Flux-Cored Arc Welding (FCAW)
In Flux-Cored Arc Welding, the electrode is a tubular wire filled with flux and continuously fed from a spool. During welding, the core flux melts and generates a shielding gas (self-shielded FCAW) or may require an external shielding gas (gas-shielded FCAW). The molten flux protects the weld from atmospheric contamination.
FCAW provides high deposition rates and can be used for thick sections, but the electrode size range is limited.
Welding Inspection
To ensure high-quality welding, a proper Welding Procedure Specification (WPS) must be developed, and welding must be performed by qualified welders and supervised by competent inspectors. Welding quality is influenced by several factors such as current, voltage, base and filler material compatibility, welding position, and technique.
Several tests can be carried out to verify weld quality:
1. Visual Inspection (VT)
A competent inspector visually assesses the weld. Through visual inspection, the weld size, profile, fusion, and finish can be evaluated. A uniform color indicates satisfactory cooling, while an overheated weld may appear oxidized or rusty. Visual inspection also provides an indication of possible subsurface defects.

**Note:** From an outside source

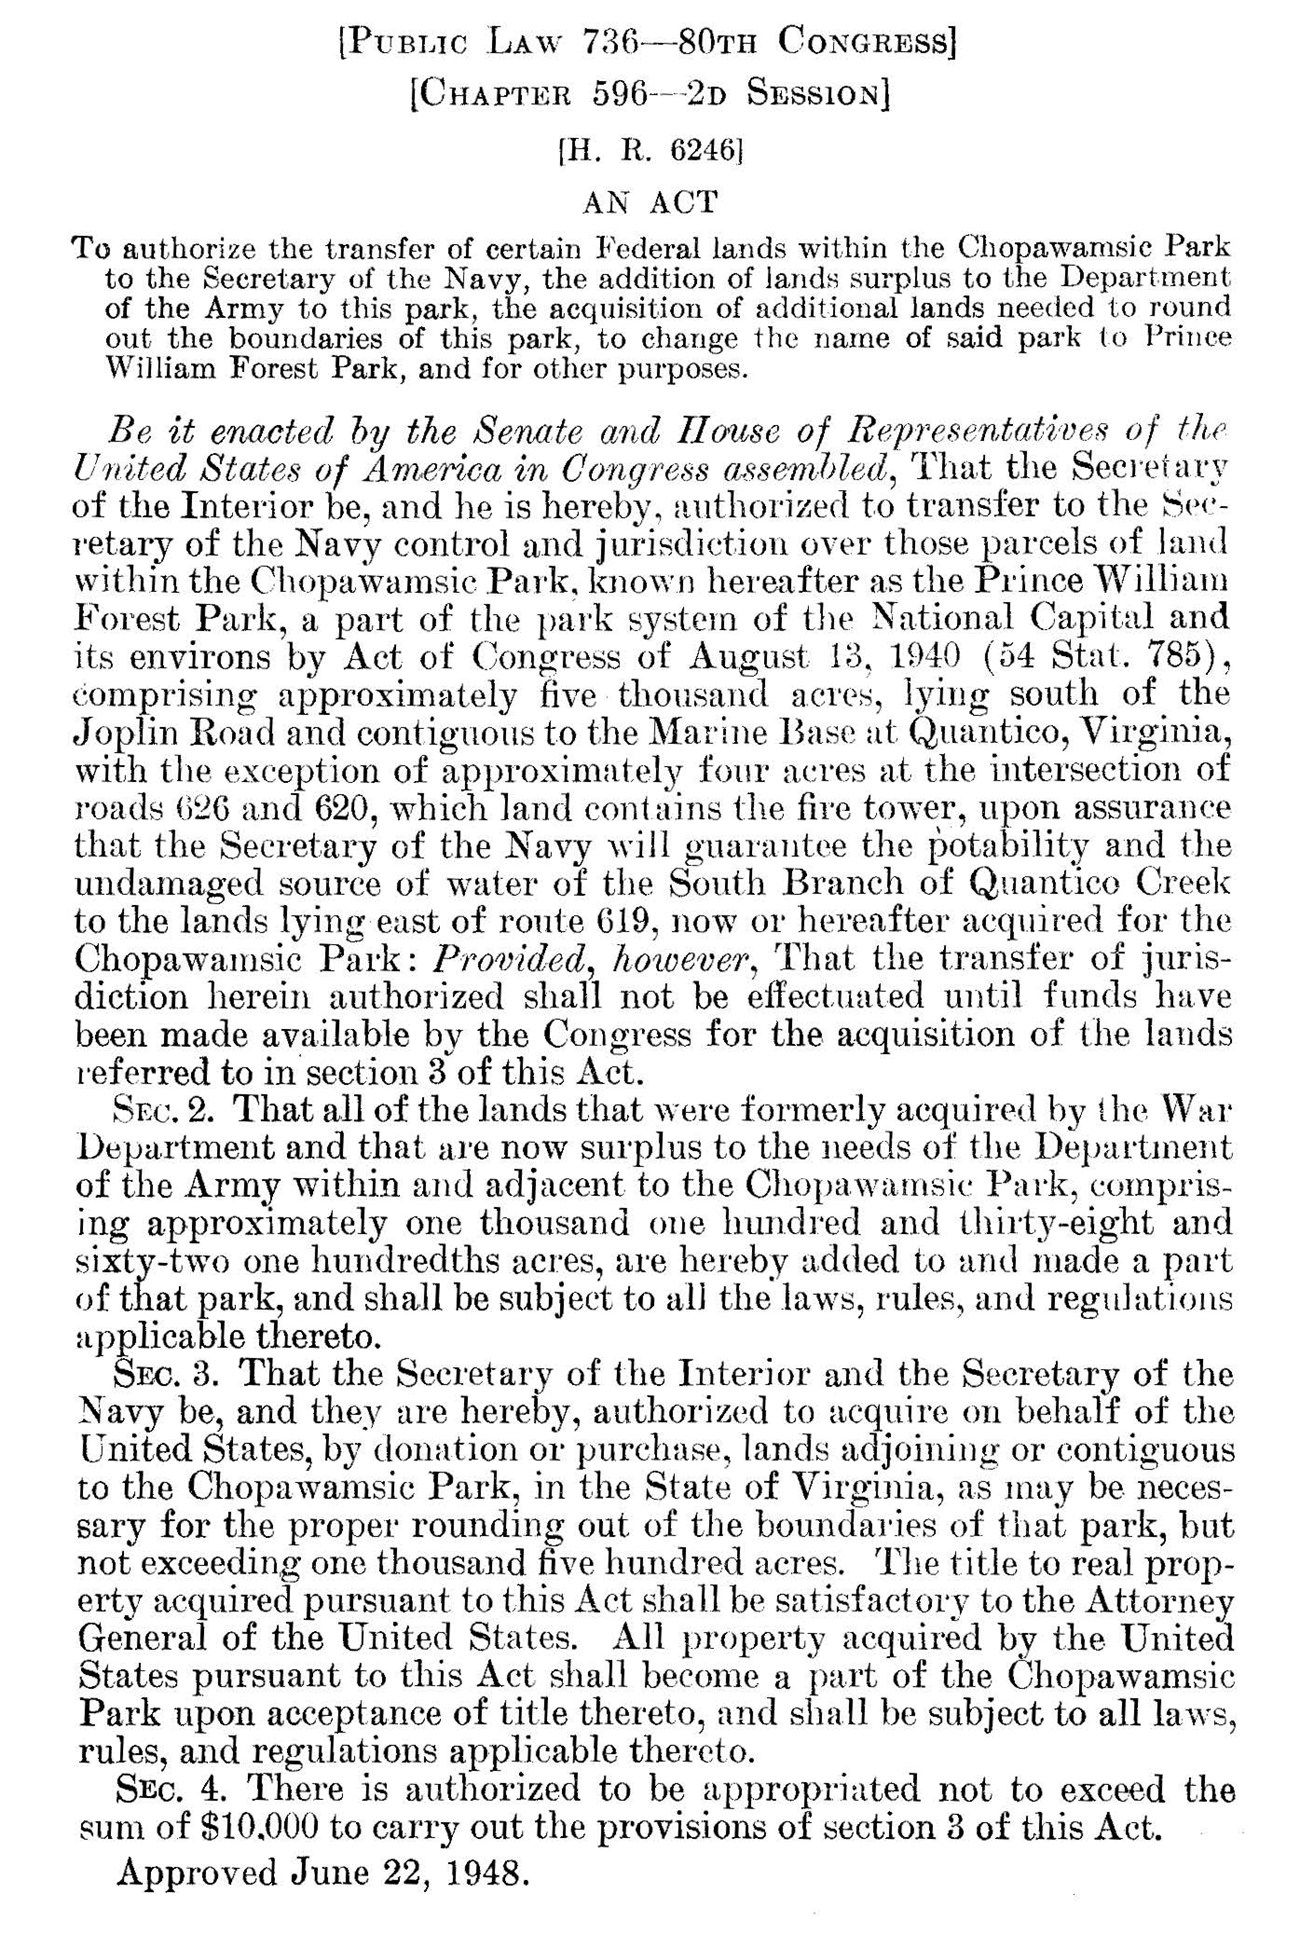 1948 Renaming Legislation for Prince William Forest Park

2. Liquid Penetrant Testing (PT)
This method is suitable for detecting surface-breaking cracks. A visible or fluorescent dye is applied to the weld surface and then cleaned. A developer (powder) is applied, which draws out the dye trapped in cracks, making them visible. PT is effective for detecting fine cracks and surface defects.
3. Magnetic Particle Testing (MT)
Used for ferromagnetic materials, this method involves magnetizing the weld. Magnetic fields form north and south poles at the edges of surface cracks. A dry powder or liquid with magnetic particles is then applied, and it accumulates at discontinuities, revealing their location and size. MT can detect surface cracks and shallow subsurface defects.
4. Ultrasonic Testing (UT)
High-frequency sound waves are transmitted into the weld. Discontinuities reflect waves back at different times, helping locate internal defects and assess their severity. UT is effective for carbon steel and low-alloy steel but is less suitable for stainless steel or coarse-grained materials.
5. Radiographic Testing (RT)
This method uses X-ray or gamma rays to inspect the internal structure of welds. It is suitable for butt welds where equipment access is possible. Interpretation of radiographs for fillet welds is more difficult. RT is useful for determining the extent and percentage of defective welds but is relatively expensive.